Peter didn’t turn back though. He followed along, seeking that deeper happiness he saw in his Master. There’s the story of the time that Peter and the other disciples or followers of Jesus were crossing the Sea of Galilee on a stormy night in an open boat, the waves high, all of them terrified. Suddenly Jesus came to them, walking on the waters. Inspired, ashamed of his fear, Peter called out to Jesus, “Bid me come to you across the water.” In other words, I want to share this miraculous power you have, this faith that conquers fear. And he stepped out of the boat and began to cross the waves to Jesus. Then he looked down and was seized with fear and began to sink. A story about fear and faith, faith and fear – always companions on the way to ultimate happiness. Peter and the others were to learn so much about fear and faith. As we do, when we come and see.

There were other moments along the way for Peter. There was the time when Jesus gave him the name Peter – Petrus in Latin, which means Rock. His name had been Simon, simple Simon. “You shall be called Peter,” Jesus said to him, “and on this rock I will build my church.” Now forget that popes through the centuries, and the institutional Church, have seized on this story to build their own claims to power and authority. If we read the story in context, it isn’t about that at all. It’s a kind of gentle joke. Peter isn’t a rock at all, you see. He’s a frail, ordinary human being, back and forth in his commitment like all of us. But “on this rock” – on you and me – Jesus builds his Church, his community of faith and love. We’re all he has to work with, but we’re enough. We learn the truth of that gentle joke when we come and see.

This morning the gospel reading comes at the very end of Peter’s time with Jesus. After Jesus’s death, after his resurrection. It’s a time of defeat and shame for Peter and the other disciples. They deserted Jesus when he was arrested. Peter denied even knowing him – three times, the story goes, just to rub it in. So now they’ve gone back to their fishing, to the way life was before Jesus ever entered it. They’re disillusioned; their hope destroyed. And sometimes that’s how it is for us on the way to happiness. Sometimes, indeed, it’s the Church that lets us down.

But suddenly there is Jesus, on the shore, calling out to Peter and the others. Telling them to put down their nets once more, “on the right side” – and they haul in this miraculous catch of fish. We don’t really know what the number signifies, 153, but the best guess is that symbolizes all the fish in the sea — ultimate happiness. Try again, Jesus is saying. Never give up. Always come and see.
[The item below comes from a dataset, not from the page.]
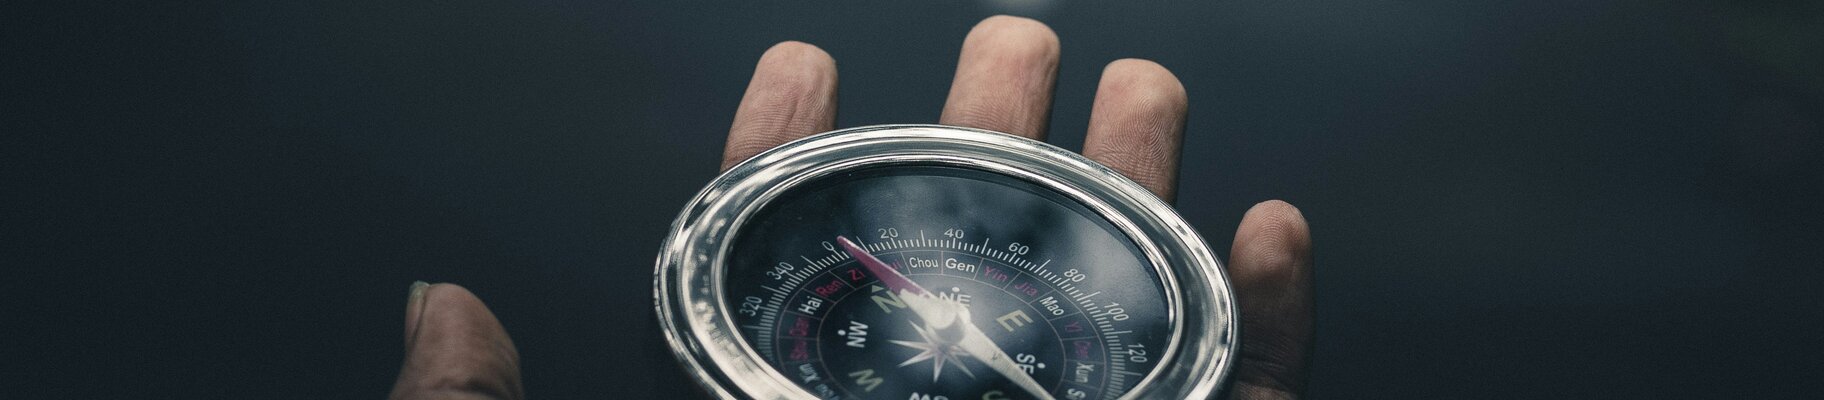 Kompass in einer Hand

And, most poignant of all, those final words to Peter – that if he loves Jesus most of all, he must feed his sheep, feed us, feed the little ones. And he must allow himself to be bound and led where he does not want to go, where he is not in control. The reference, mystically, was to the death Peter was to die — crucified like his Master, but upside down. Final happiness.

Today if you go to St. Peter’s Basilica in Rome, under the high altar where the pope celebrates the great Masses, and you look down through an opening to the crypt below, you will see the tomb of Peter, two thousand years old. Peter the simple fisherman, Peter the rock, Peter who followed Jesus to come and see.

And as you stand there, among the thousands of pilgrims, you will understand that the journey to happiness, for Peter and for you, turns everything upside down. That in the God of Jesus Christ happiness itself is redefined.

That’s why we’re here, my friends. To change our lives. Come and see.